The other main group of softwood hemicelluloses, the arabinoglucuronoxylans, are accounted for by the relatively low percentages for arabinose and xylose. It is interesting to note that values for these two sugars are significantly different between the HI site and both mainland sites. Whereas it would appear we have patterns for the lignin, cellulose, and total hemicelluloses that set apart the MS site apart from the HI and NC sites, there may be differences in the hemicelluloses themselves that set the HI site apart from the mainland sites. The results herein are intriguing in themselves and make the case for further work to better understand the wood chemistry differences for loblolly pine grown on exotic sites vs. those within the native range on the US mainland.

3.4.3 Ash content

Inorganic compounds represent a minor group of constituents in wood that are commonly quantified by the determination of the ash content, a value that is highly relevant to studies on the thermochemical conversion of woody biomass for its fuel value, or other biofuel applications (e.g., gasification, pyrolysis). For example, simulating higher ash contents by the impregnation of loblolly pine wood with potassium carbonate resulted in lower bio-oil yields by pyrolysis (Kim et al. 2021); the yields of bio-oil at 0.5% and 1.5% ash content (dry wt. basis) were 45.7% and 29.9%, respectively. The ash contents in the current study ranged from 0.22 to 0.39% which is consistent with values reported in the literature for loblolly pine (Owen et al. 2015; Acquah et al. 2017; McMillin 1969; Zicherman and Thomas 1972). The ash content for the NC location is significantly lower than the other two locations (Table 4). McMillian (1969) provides the most detailed analysis of the variability in ash content in loblolly pine, showing the ash content of the juvenile wood (0.42%) to be significantly higher than the mature (outer) wood (0.38%) and the ash content of the latewood (0.39%) to be significantly lower than the earlywood (0.43%).
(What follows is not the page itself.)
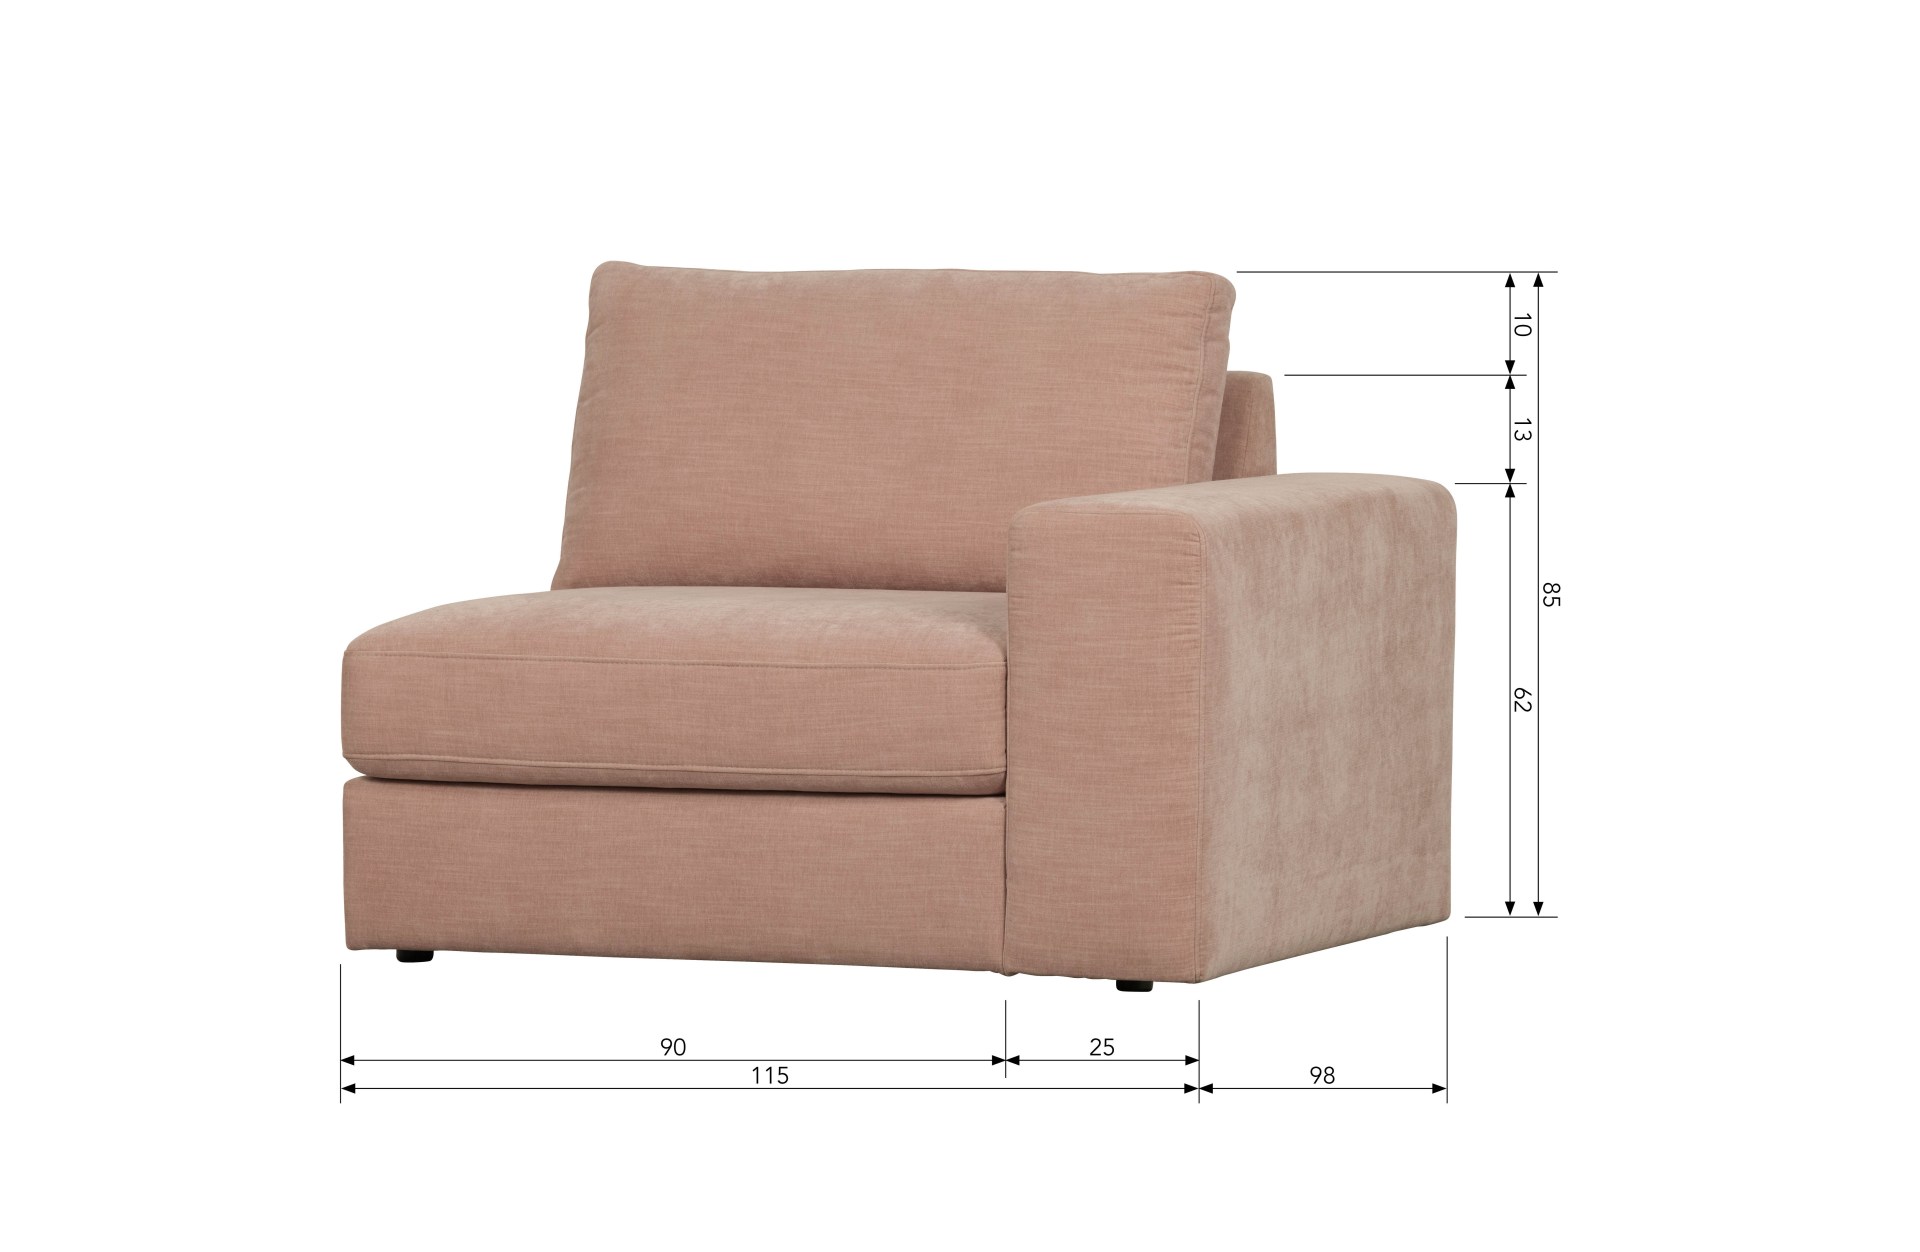 Das Modulsofa Family überzeugt mit seinem modernen Design. Das 1-Seat Element mit der Ausführung Rechts wurde aus Gewebe-Stoff gefertigt, welcher einen einen rosa Farbton besitzen. Das Gestell ist aus Metall und hat eine schwarze Farbe. Das Element hat ei

Comparing the ash contents between the 3 sites in the current study did not always show consistent patterns with our wood physical and anatomical property data. The HI site had a significantly lower percent latewood value than the NC site, and the ash content for the HI site was indeed significantly higher than for the NC site; this result can be rationalized when taking into consideration the results reported by McMillin (1969) for earlywood and latewood ash contents. Undoubtedly, the volcanic soils of Hawaii would be expected have different mineral availabilities than mainland soils and it is reasonable to assume that this would impact the inorganic constituents in the wood. As for the two mainland sites (MS and NC), they had similar wood physical and anatomical properties, but significantly different ash contents, which cannot be rationalized by taking into account the higher ash content of the earlywood shown by McMillin (1969).

4 Conclusion

Our results demonstrate that the lignin content for loblolly pine growing at an exotic site cannot be assumed to be similar to loblolly pine from a US mainland site (MS) also sharing favorable temperatures over a longer growing season, or for that matter, solely attributable to the degree of latewood formation that manifests in wood physical properties such as ring SG. The significantly lower lignin content for loblolly pine wood from the MS site was offset by significantly higher glucose and mannose contents, and thereby reflecting alterations to the relative contents of both cellulose and the hemicelluloses. It is acknowledged that our efforts to assess how climate conditions may impact wood chemistry in loblolly pine may be confounded by other influencing factors (e.g., genetics, soils, management history); however, herein we show that aside from differences in wood physical/anatomical properties shown for HI-grown loblolly pine, differences in wood chemistry could be demonstrated.